Physics of complex fluids: Ring polymers show unexpected motion patterns under shear

The shearing of fluids—meaning the sliding of fluid layers over each other under shear forces—is an important concept in nature and in rheology, the science that studies the flow behavior of matter, including liquids and soft solids. Shear forces are lateral forces applied parallel to a material, inducing deformation or slippage between its layers.

Fluid shear experiments allow the characterization of important rheological properties such as viscosity (resistance to deformation or flow) and thixotropy (decrease in viscosity under the influence of shear), which are important in applications ranging from industrial processes to medicine. Studies on the shear behavior of viscoelastic fluids created by introducing polymers into Newtonian fluids have already been conducted in recent years.

However, a novel approach in the current research involves the consideration of polymer topology—the spatial arrangement and structure of molecules—by using ring polymers. Ring polymers are macromolecules composed of repeating units, forming closed loops without free ends.

A matter of linking

First author Reyhaneh Farimani explains, "For our computer simulation experiments under shear, we considered two similar types of connected ring pairs: One in which the linkage is chemical, called bonded rings (BRs), and one in which the linkage is mechanical via a Hopf link, called polycatenanes (PCs)."

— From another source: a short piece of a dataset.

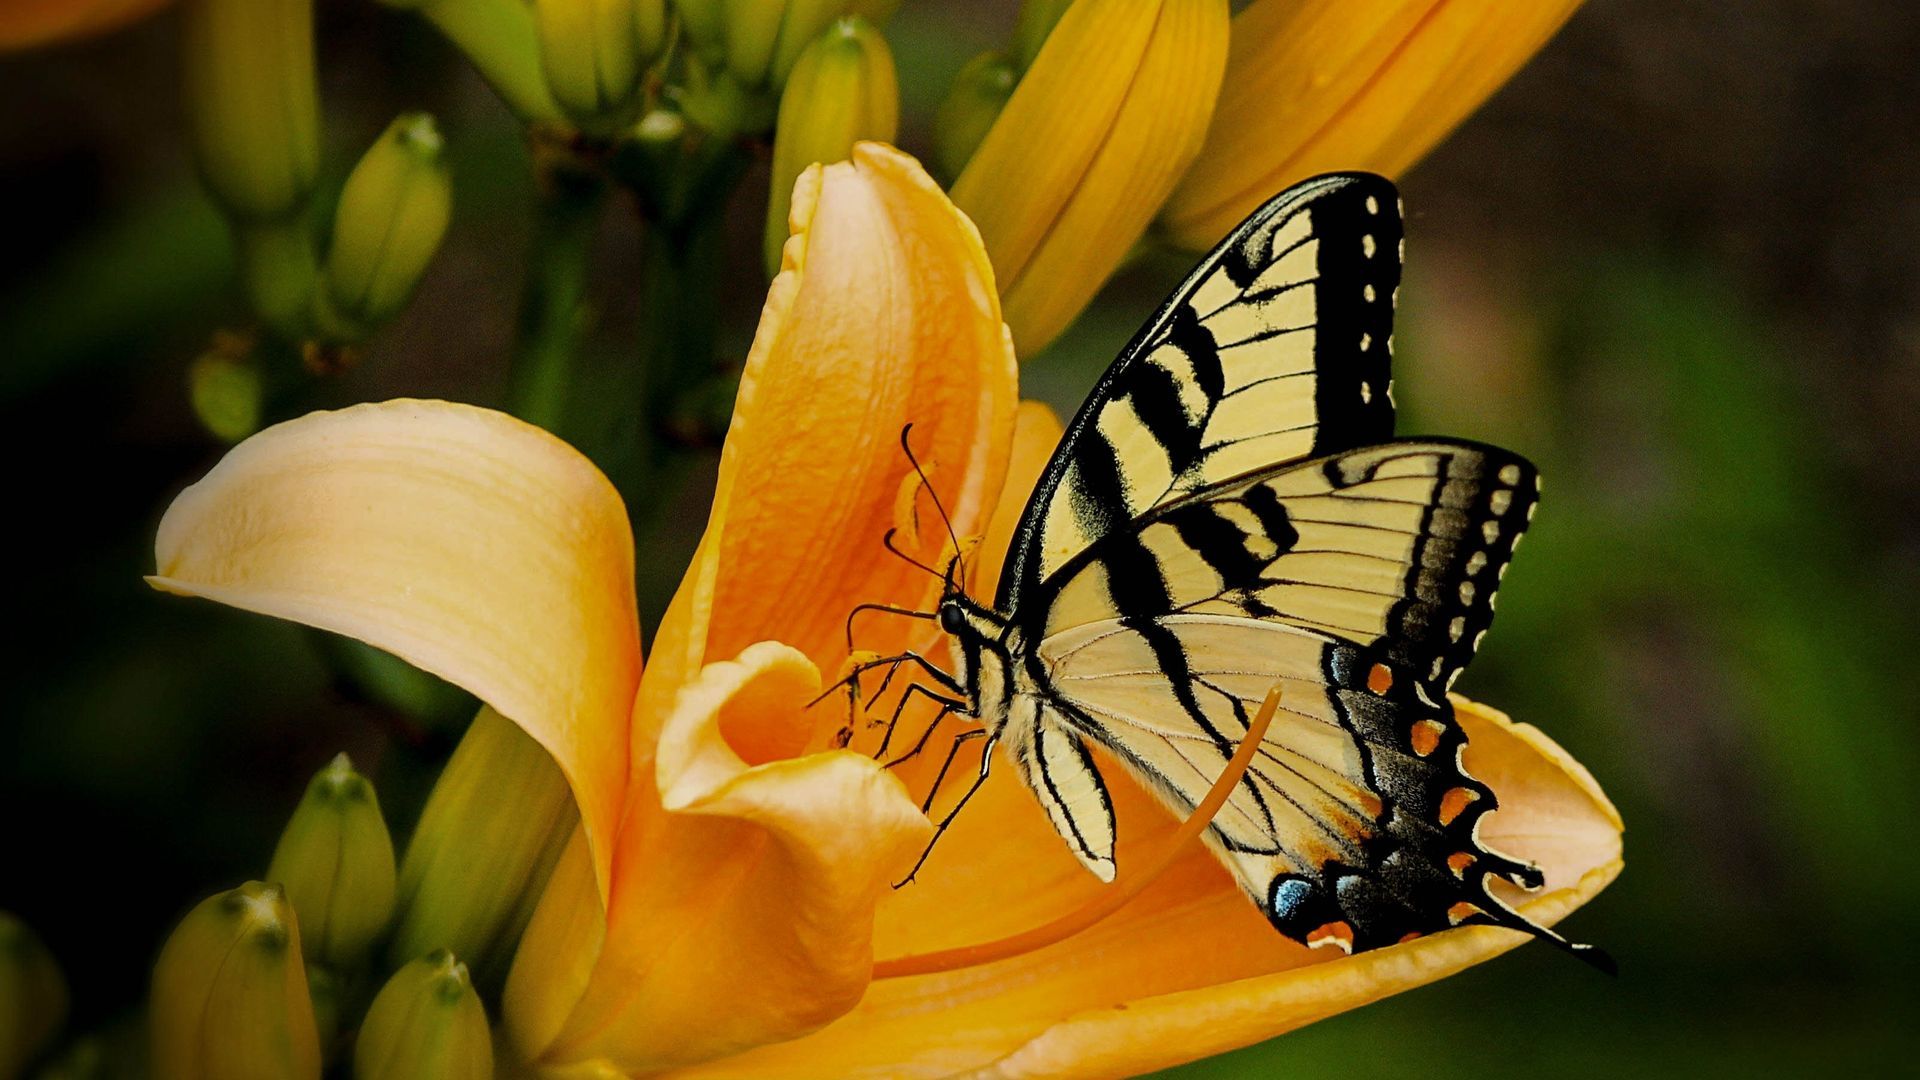 Yellow Flower with Butterfly Wallpaper

Special emphasis was placed on taking into account hydrodynamic interactions through appropriate simulation techniques, which proved to be crucial since a delicate interplay between fluctuating hydrodynamics and topology governs the emerging patterns.

The results were surprising: On the one hand, the response of the two components, BRs, and PCs, was very different from each other—and on the other hand, it was clearly different from that of various other polymer types, such as linear, star, or branched. In particular, the dominant dynamic pattern in other polymers under shear ("vorticity tumbling") is either suppressed (BRs) or virtually absent (PCs) in these topologically modified polymers.

Unexpected types of tumbling

"What we discovered," says Christos Likos, co-author of the study, "are completely unexpected dynamic patterns in both ring polymer types, which we call gradient-tumbling and slip-tumbling." Due to an interplay between hydrodynamics and ring topology, the BR molecules tumble around the gradient direction, which is perpendicular to the vorticity and flow axes. BRs are found to be in a continuous gradient-tumbling motion under shear.

On the contrary, PCs become thin, orient themselves close to the flow axis, and maintain a fixed, stretched, and non-tumbling conformation under shear. Instead, due to their peculiar form of mechanical linkage, PCs exhibit intermittent dynamics, with occasional exchange of the two rings as they slip through each other, a pattern the authors of the paper call slip-tumbling.

These unexpected modes of motion, which bear unique signatures of the topologies of the polymer compounds, underscore the importance of the interplay between hydrodynamics and polymer architecture. In fact, the researchers found in their simulations that when the backflow effects are artificially eliminated, the differences between BRs and PCs disappear.

These dynamical modes also have a noticeable effect on the mechanical properties of the solution since BRs release internal stresses by tumbling, whereas PCs store stresses permanently, resulting in a much higher viscosity in the latter case. This leads to the hypothesis that the different tumbling motions and structures of PCs and BRs could influence the shear viscosity—a fluid's resistance to flow under shear reflecting its internal friction and ability to deform—of highly concentrated solutions or polymer melts of these molecules.

Further experimental and theoretical studies are needed to test this hypothesis. The current study was conducted by a scientific cooperation between the University of Vienna, the Sharif University of Technology in Iran, and the International School of Advanced Studies (SISSA) in Italy.

The work is published in the journal Physical Review Letters.